- Data
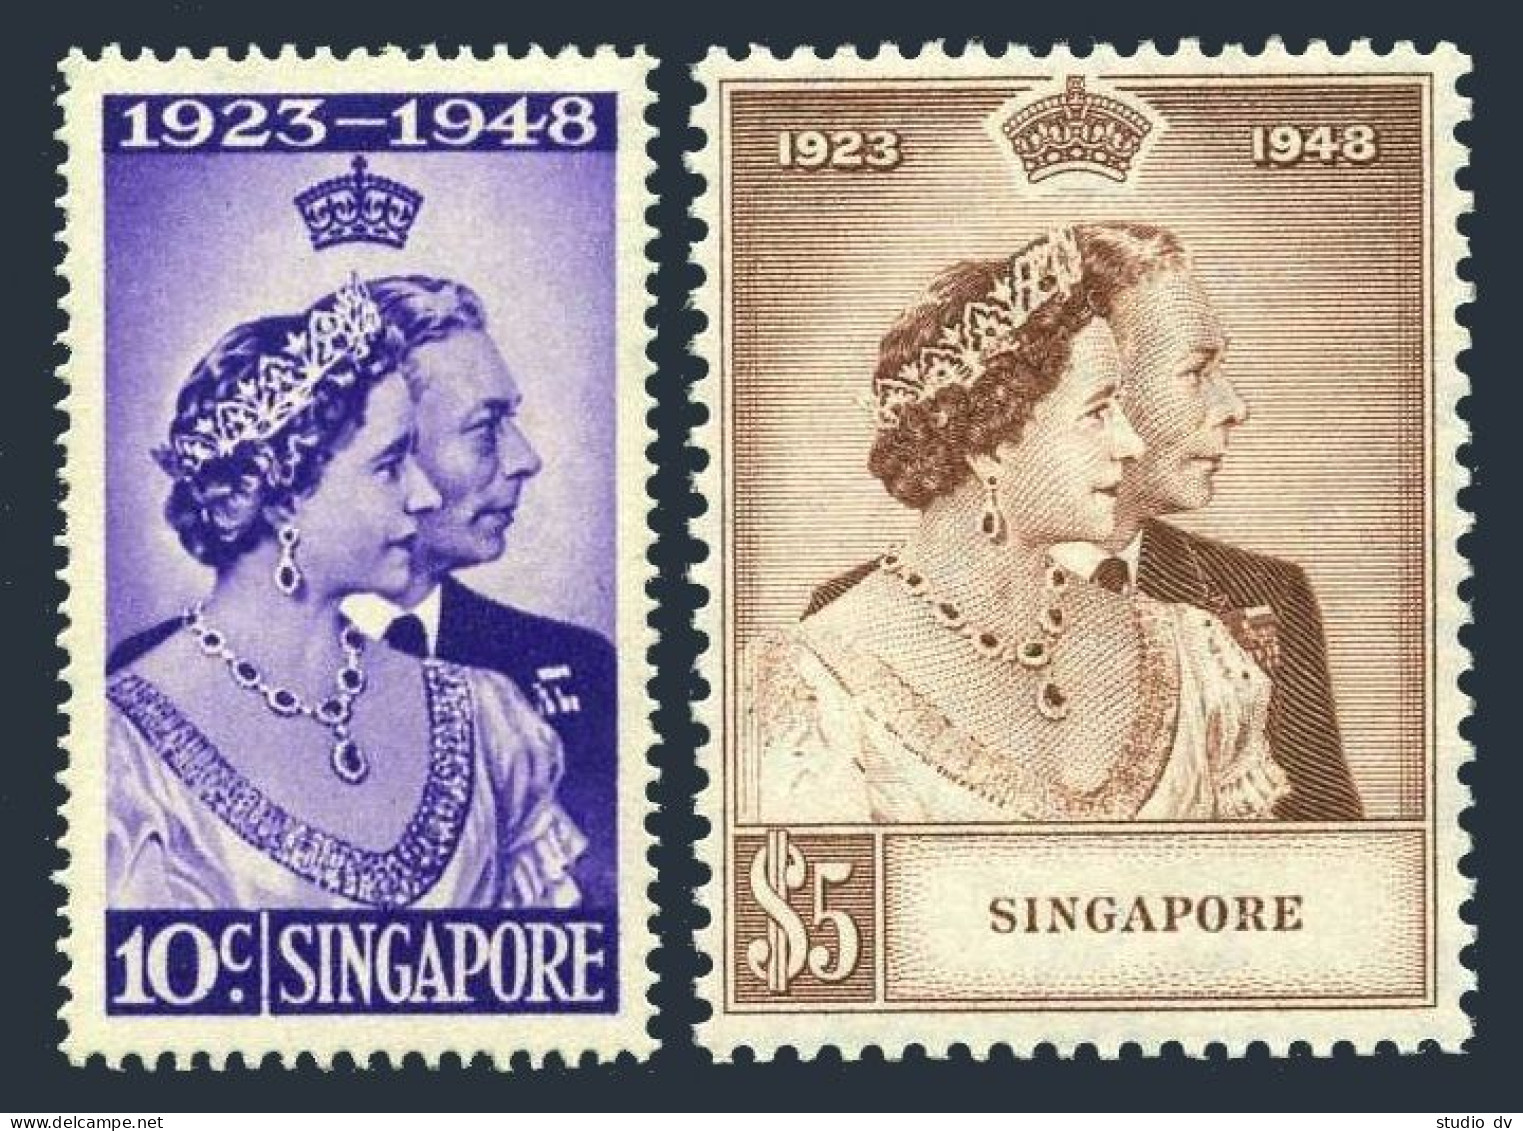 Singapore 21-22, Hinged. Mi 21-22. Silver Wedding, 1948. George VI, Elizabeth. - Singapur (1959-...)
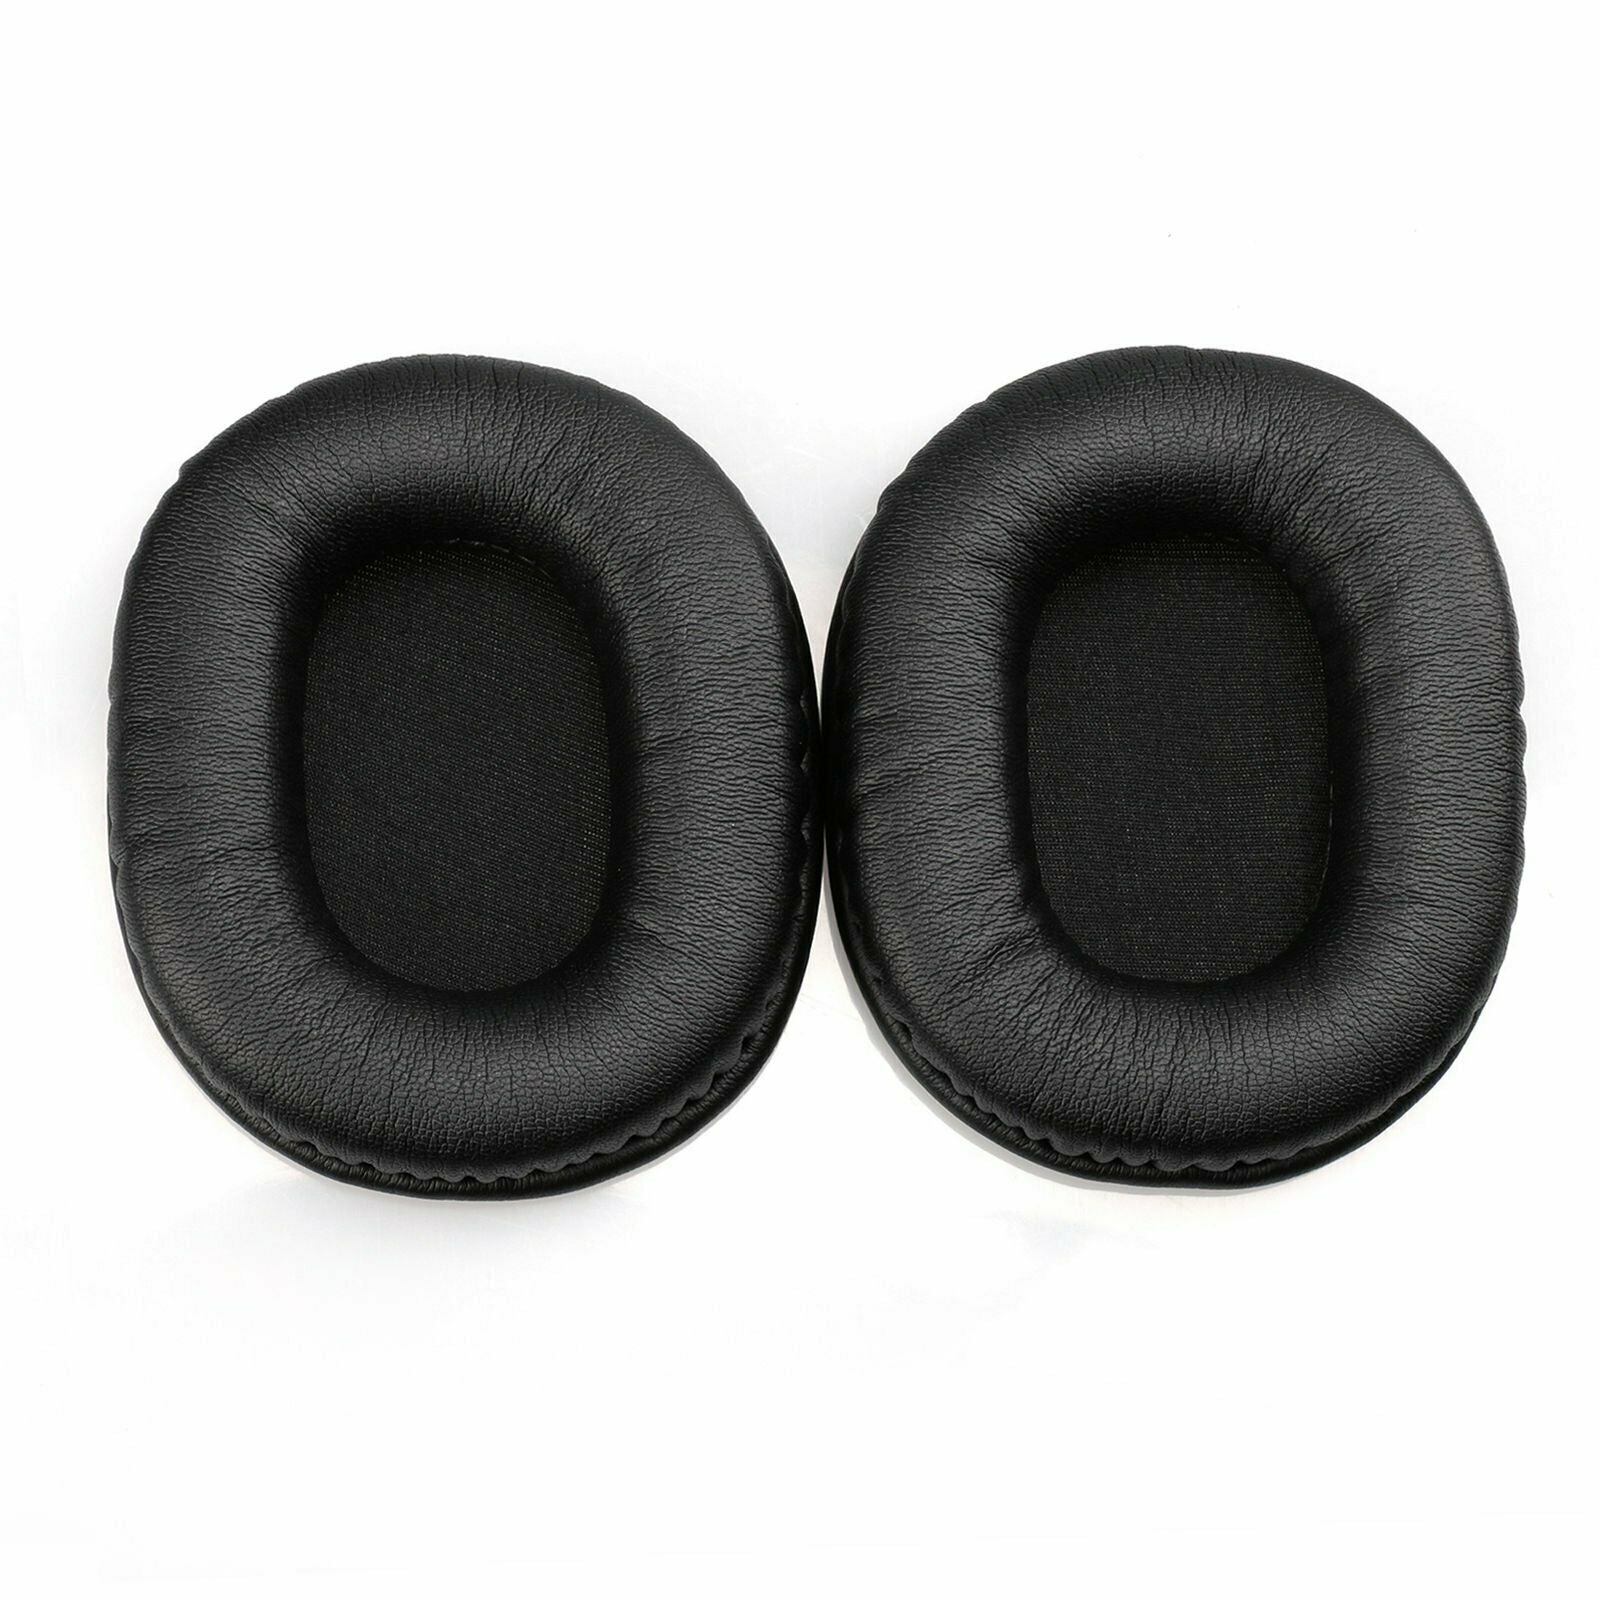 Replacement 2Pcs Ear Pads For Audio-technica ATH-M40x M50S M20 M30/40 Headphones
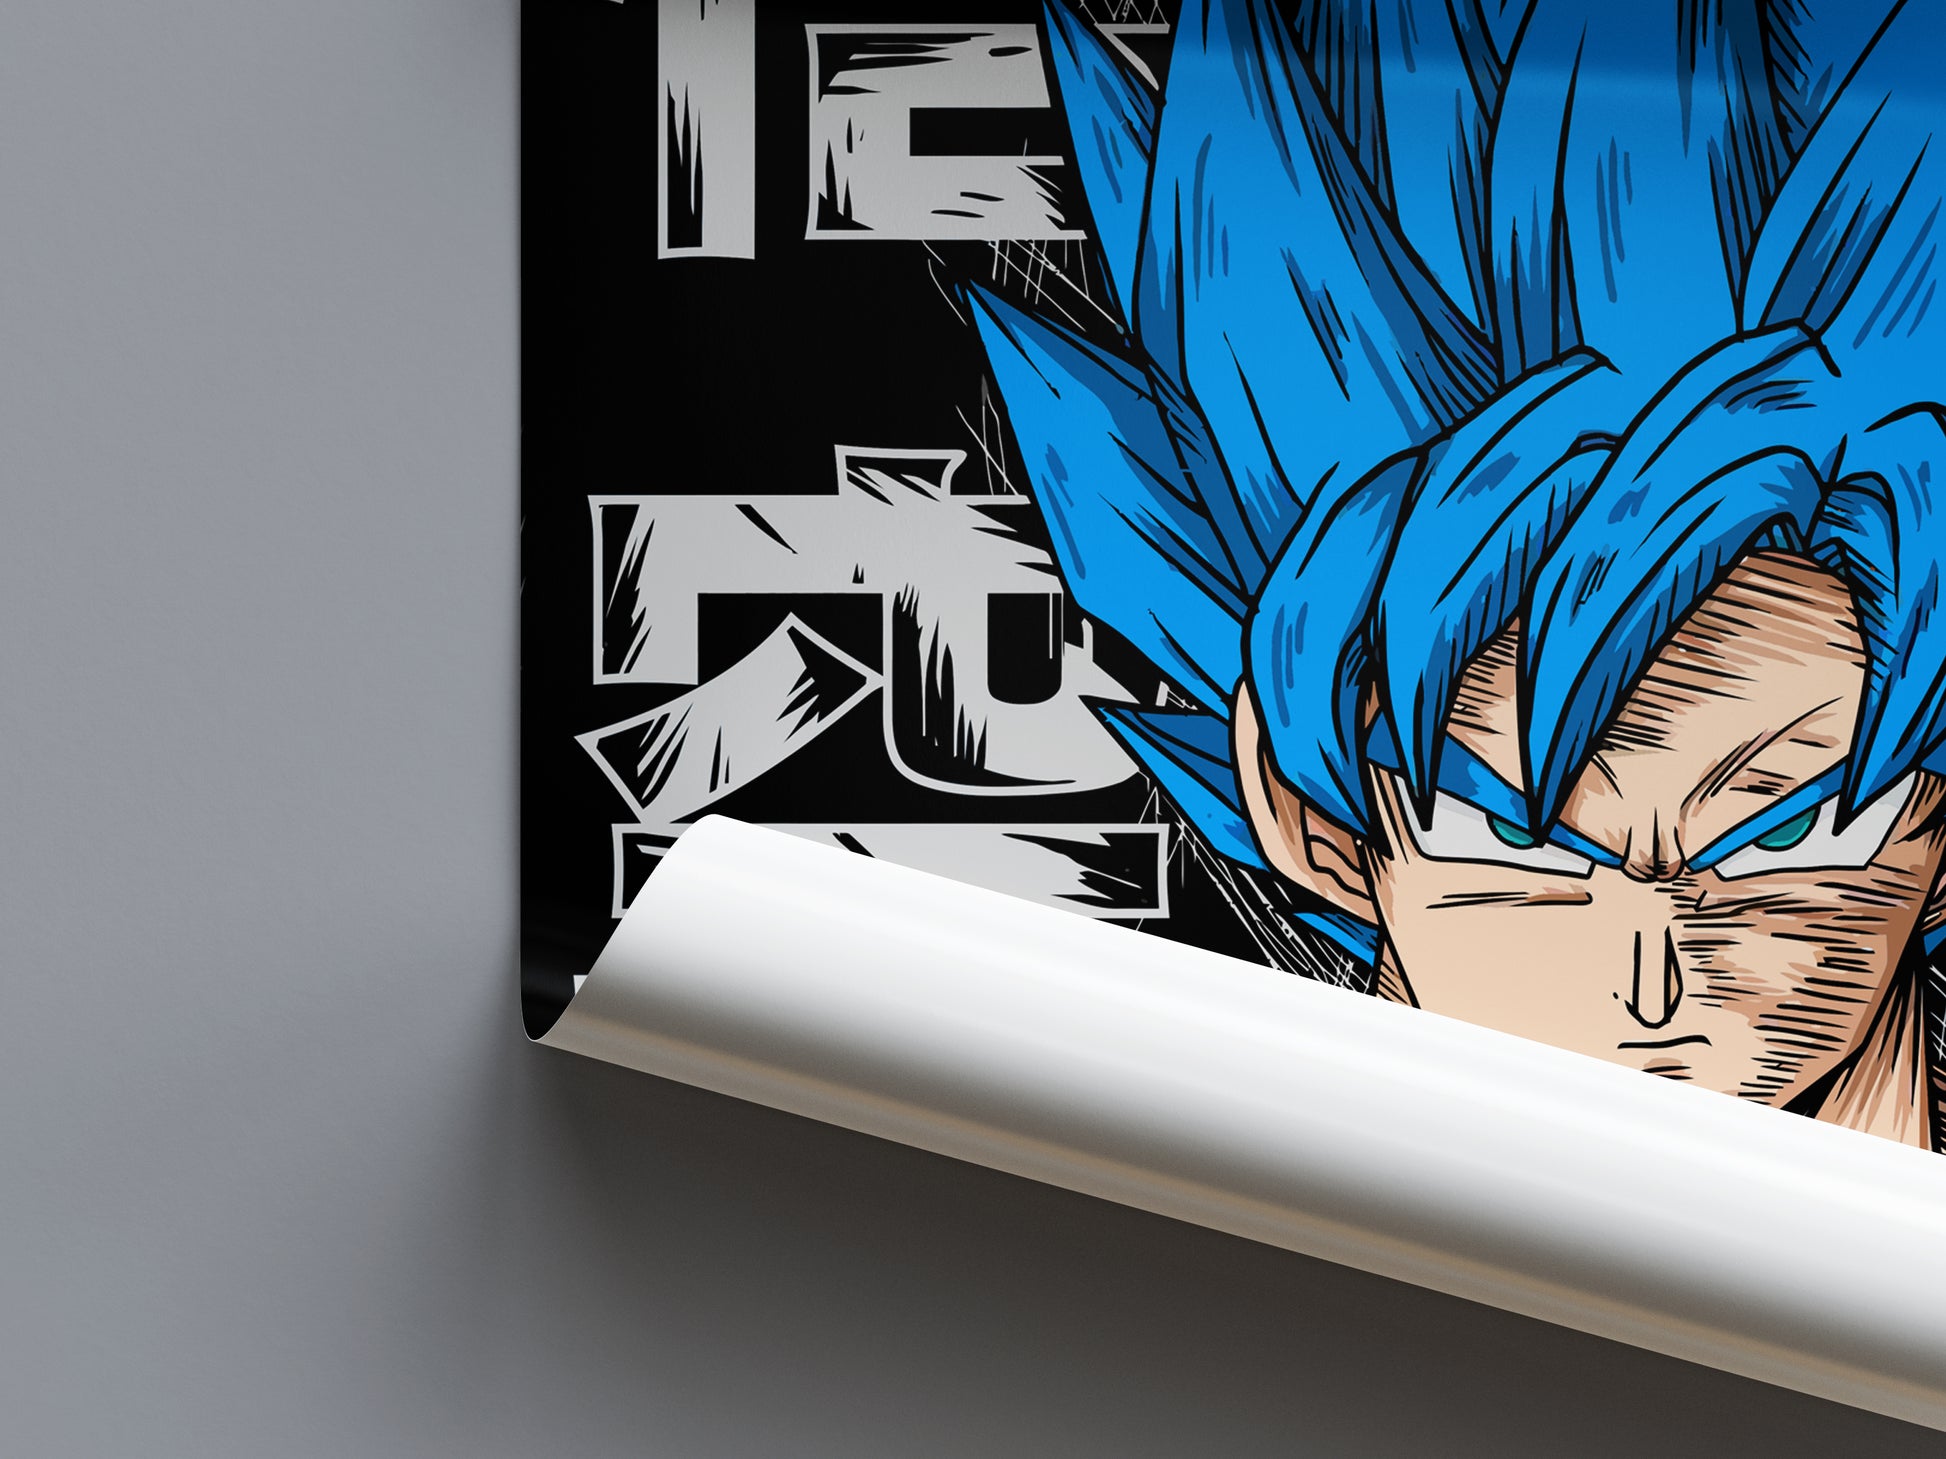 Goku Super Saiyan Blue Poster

- Problem statement
Copy the material verbatim. The pictures are not part of the copy.

- The answer
 Singapore 21-22, Hinged. Mi 21-22. Silver Wedding, 1948. George VI, Elizabeth. - Singapur (1959-...)
 Replacement 2Pcs Ear Pads For Audio-technica ATH-M40x M50S M20 M30/40 Headphones
 Goku Super Saiyan Blue Poster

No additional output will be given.